§ **Data**
▬▬▬

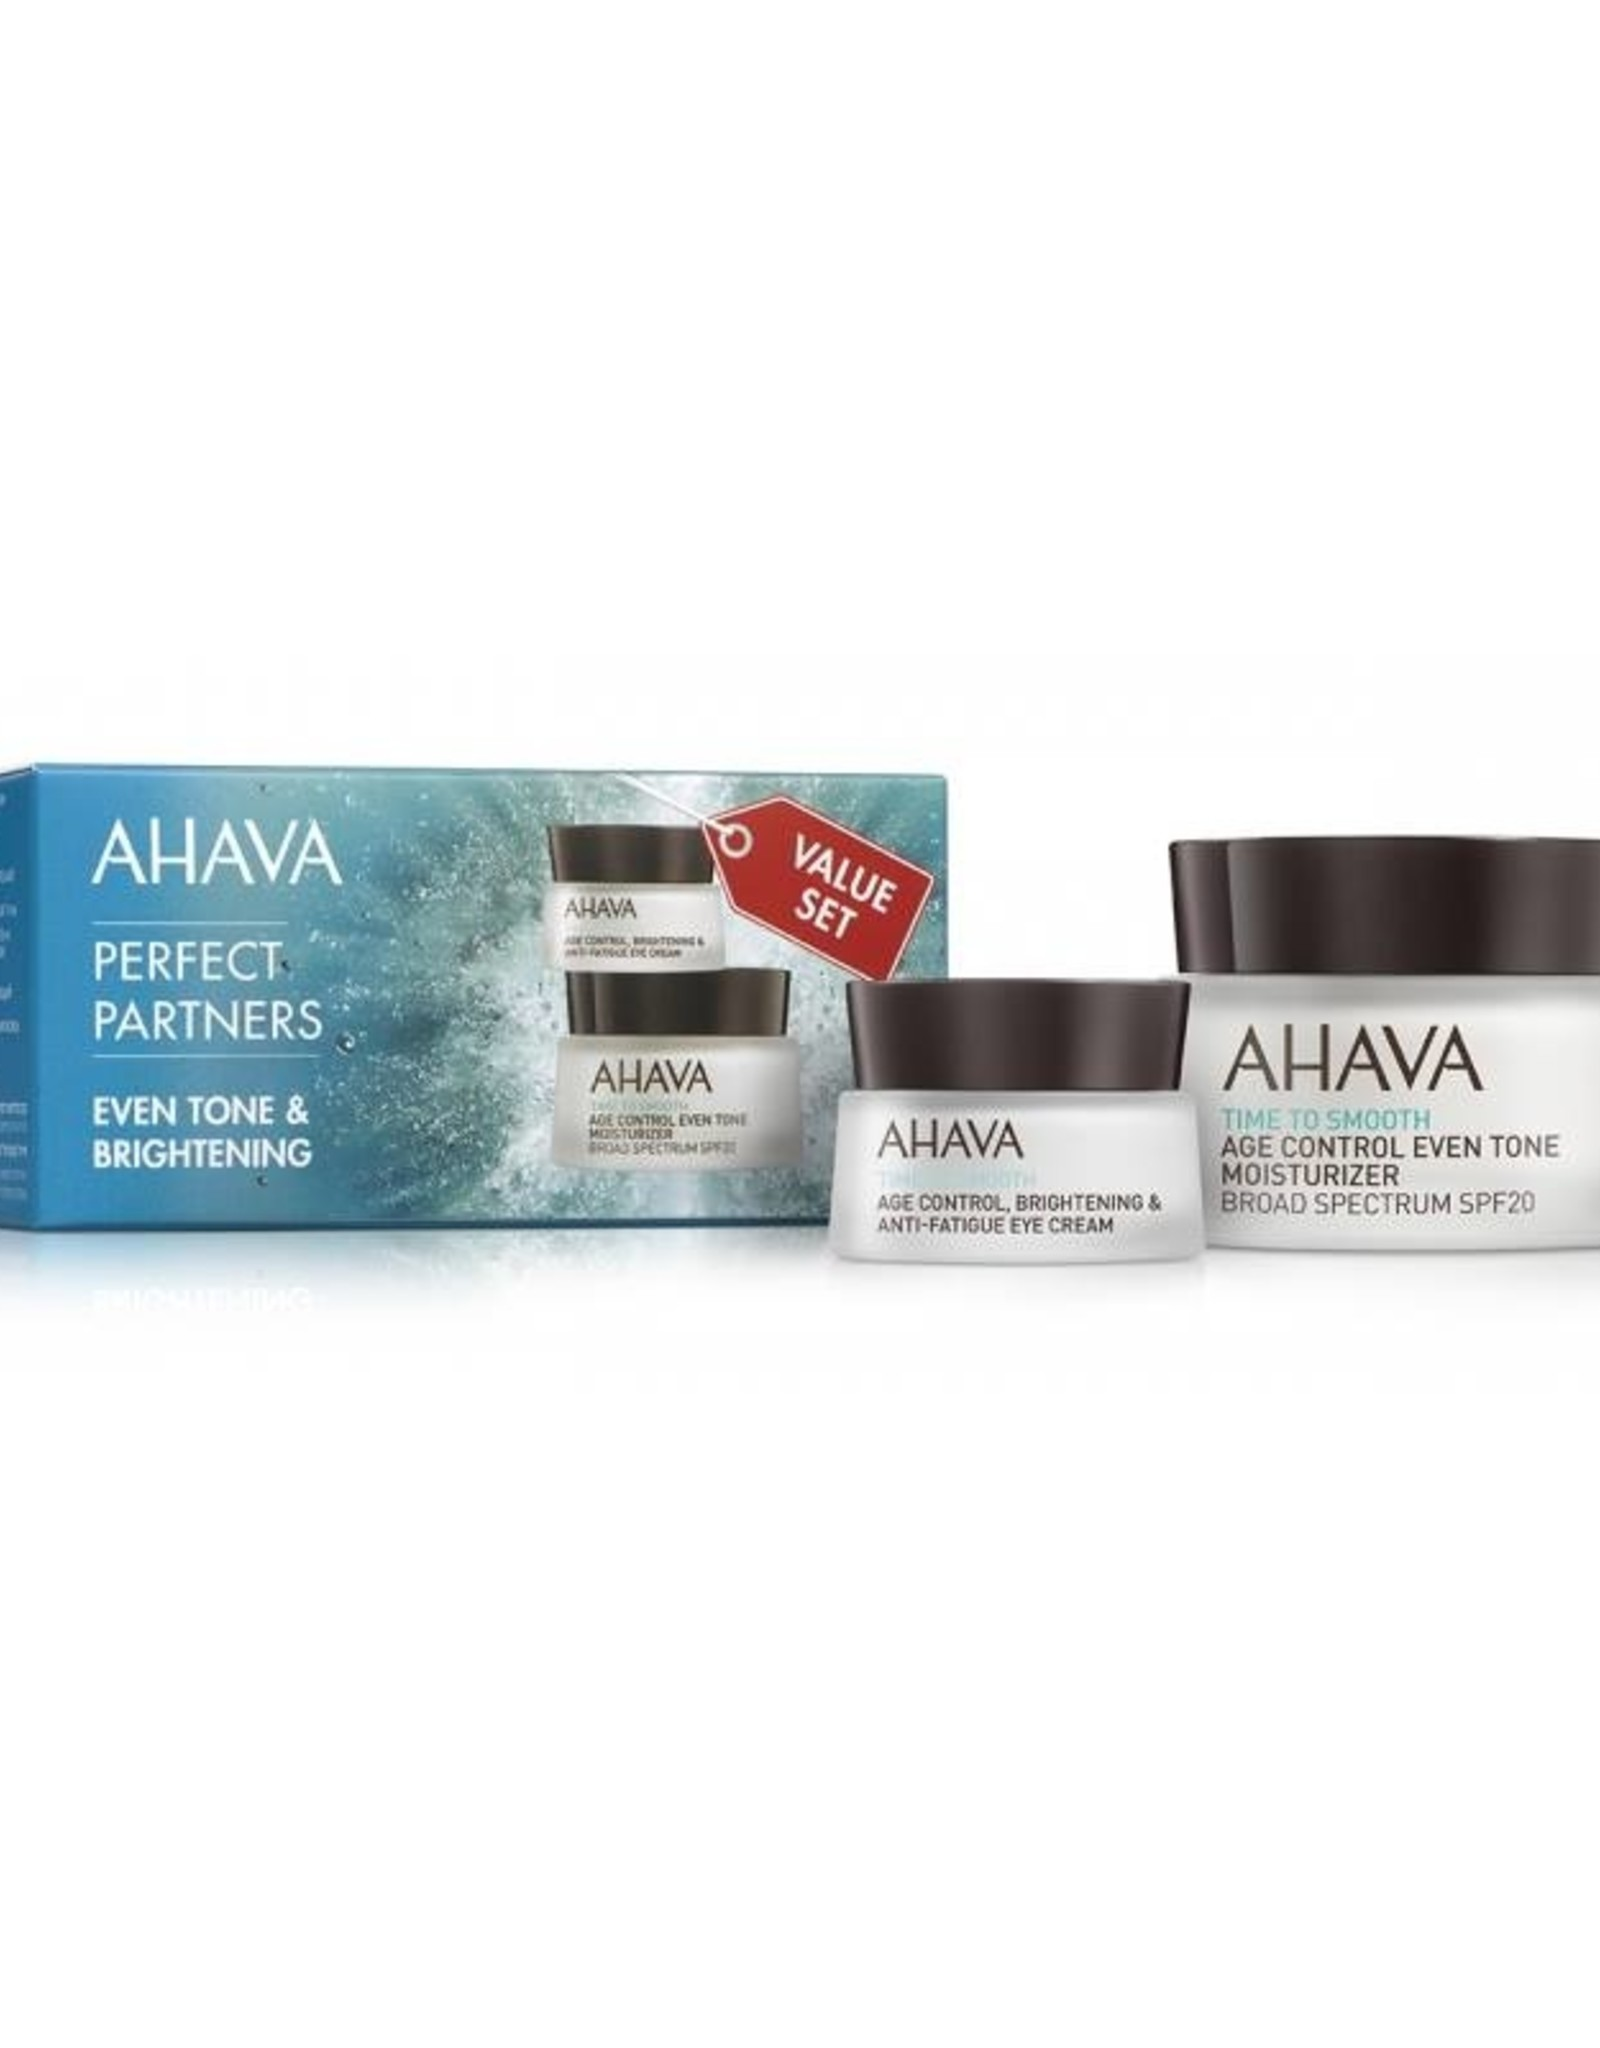 AHAVA Perfect partners even tone spf 20  50ml &brightening eye cream 15ml
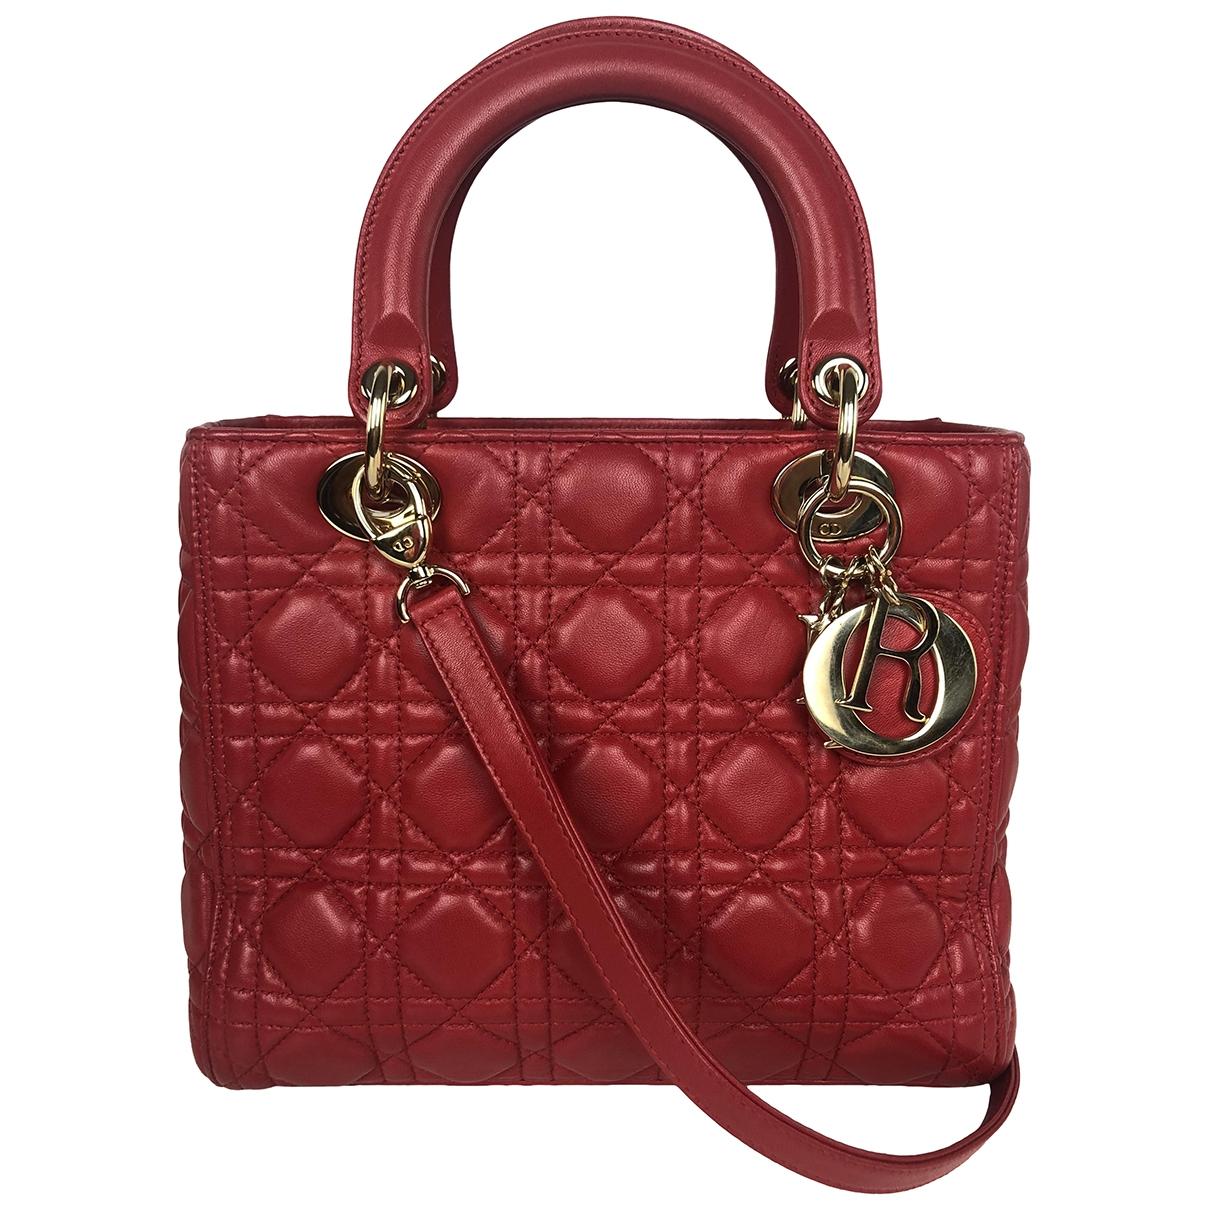 Dior - Sac a main Lady Dior pour femme en cuir - rouge
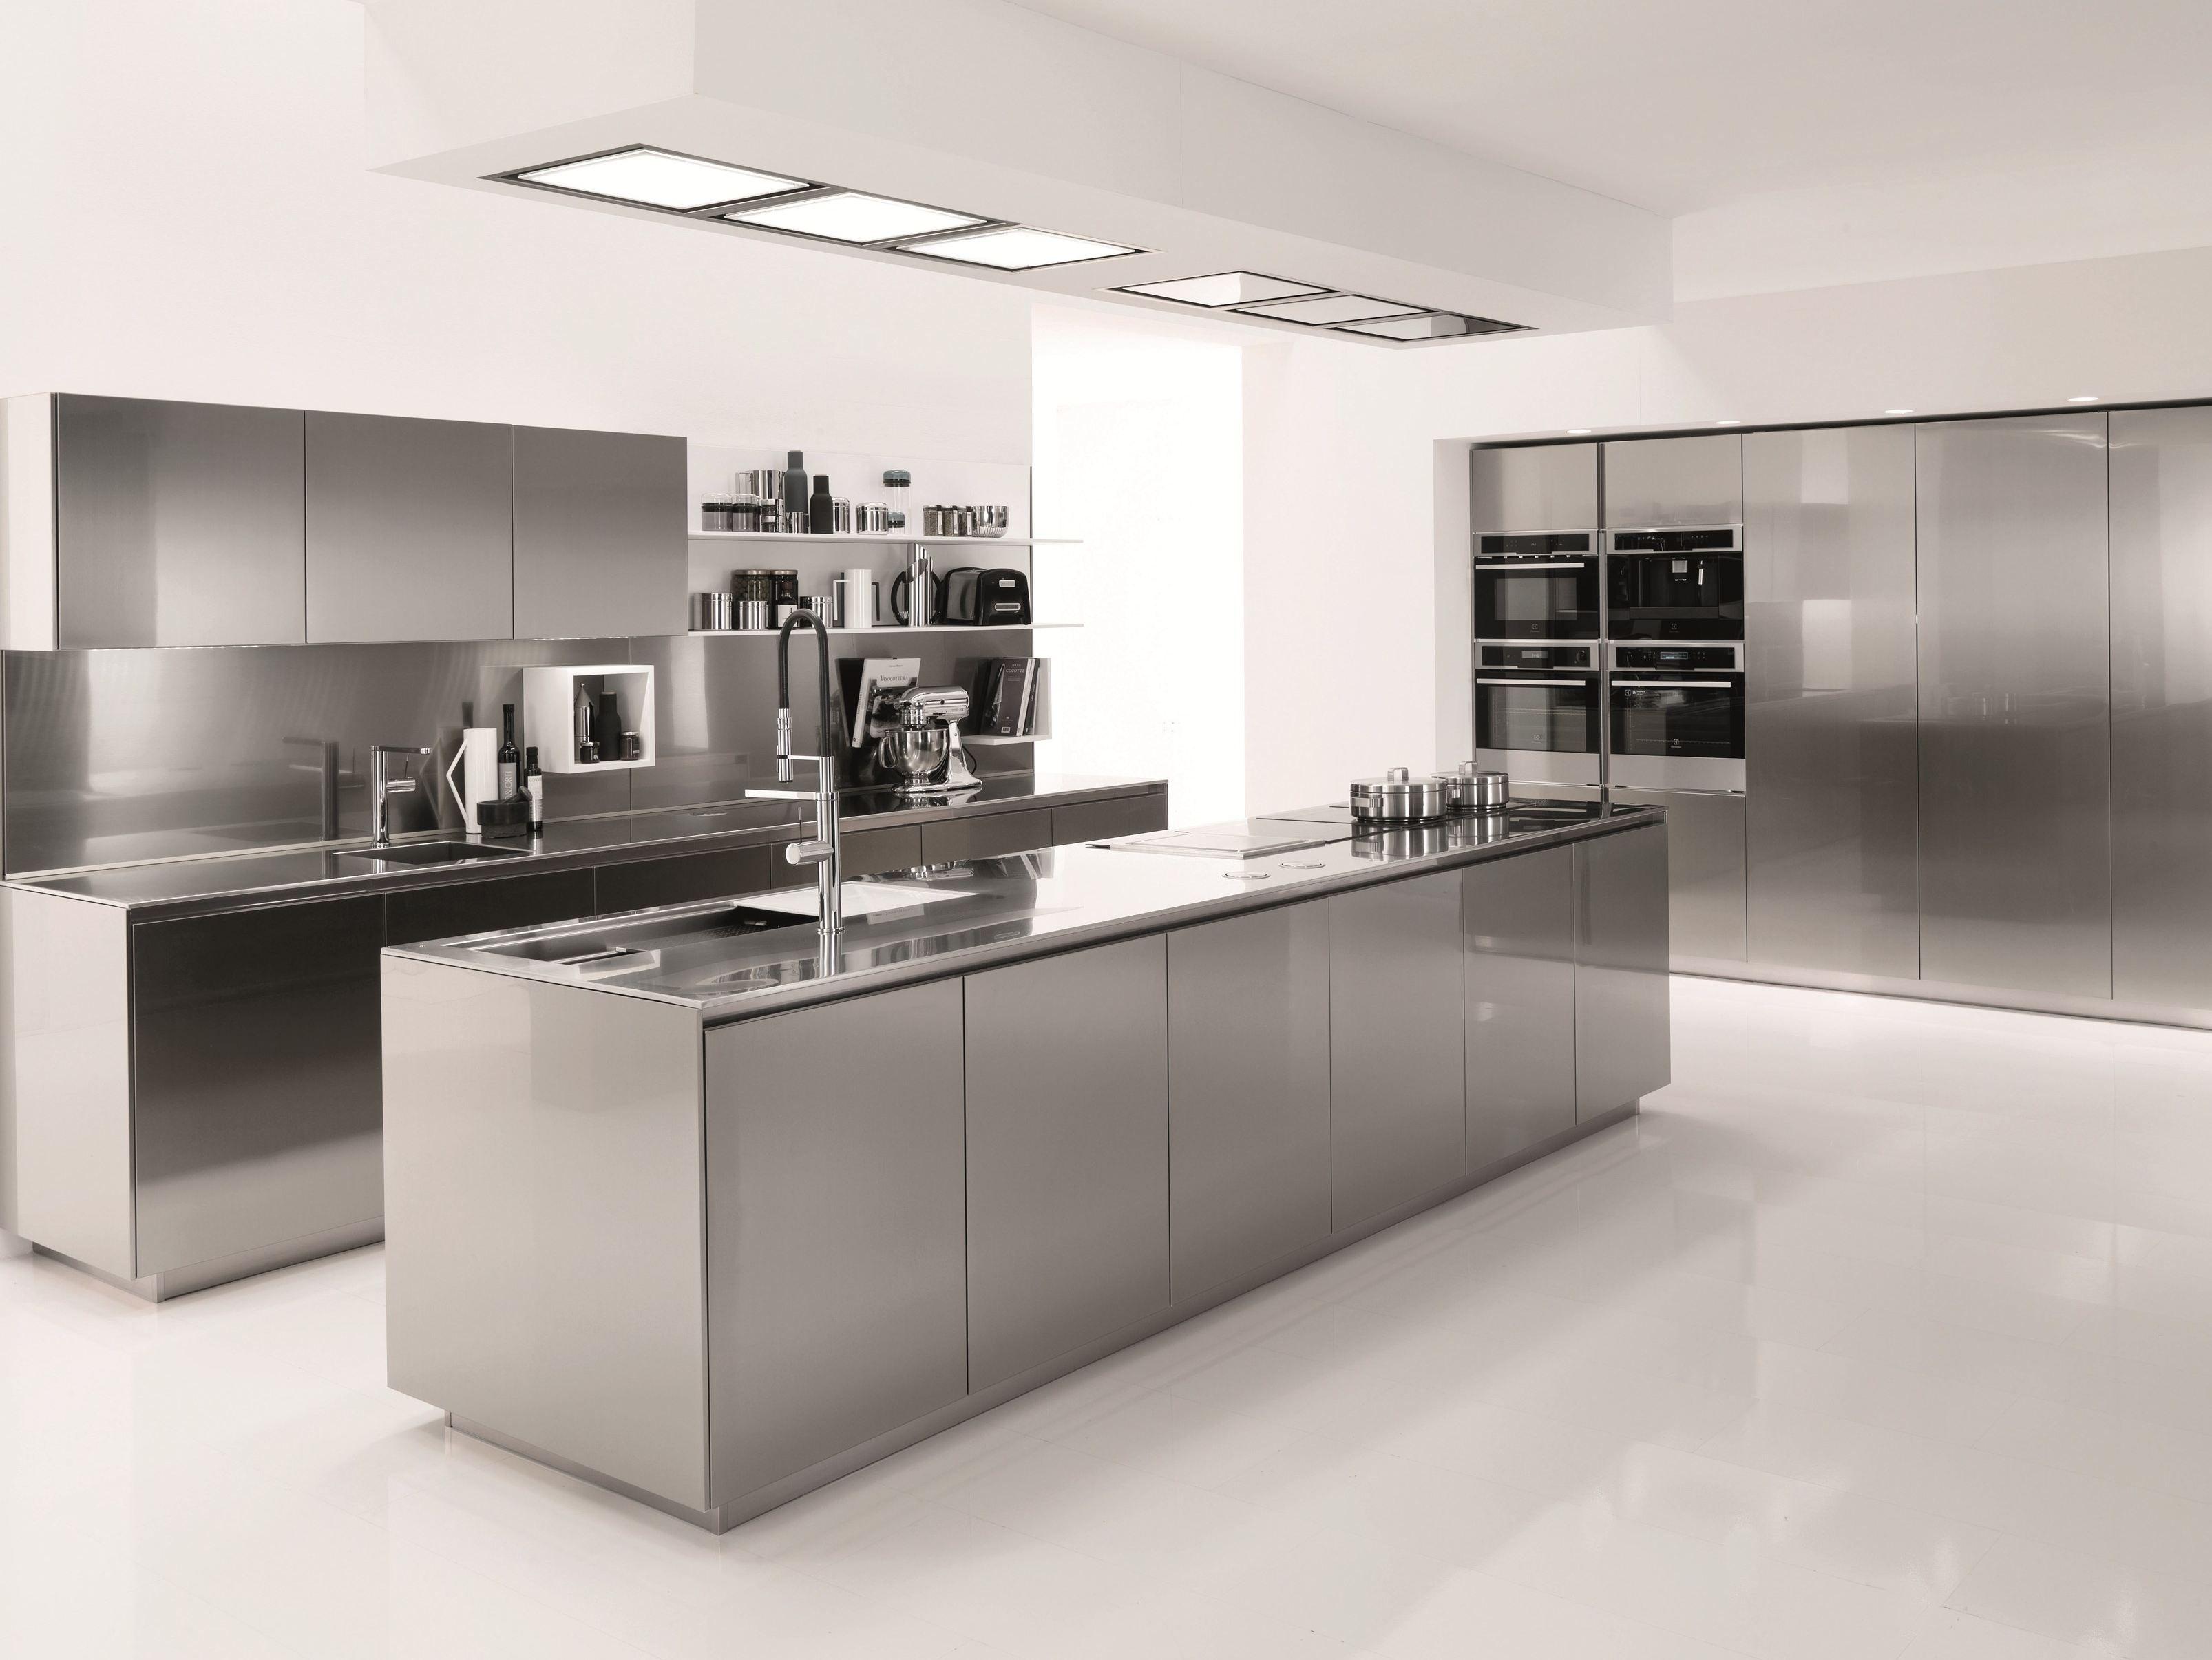 Kitchen Square Downlight Double Handle Kitchen Cabinet Stainless Steel M Modern Kitchen Design Replacing Kitchen Countertops Stainless Steel Kitchen Cabinets

▬▬▬

§ **Assignment**
The material above must be printed exactly, with its pictures left out.

§ **Answer section**
 AHAVA Perfect partners even tone spf 20  50ml &brightening eye cream 15ml
 Dior - Sac a main Lady Dior pour femme en cuir - rouge
 Kitchen Square Downlight Double Handle Kitchen Cabinet Stainless Steel M Modern Kitchen Design Replacing Kitchen Countertops Stainless Steel Kitchen Cabinets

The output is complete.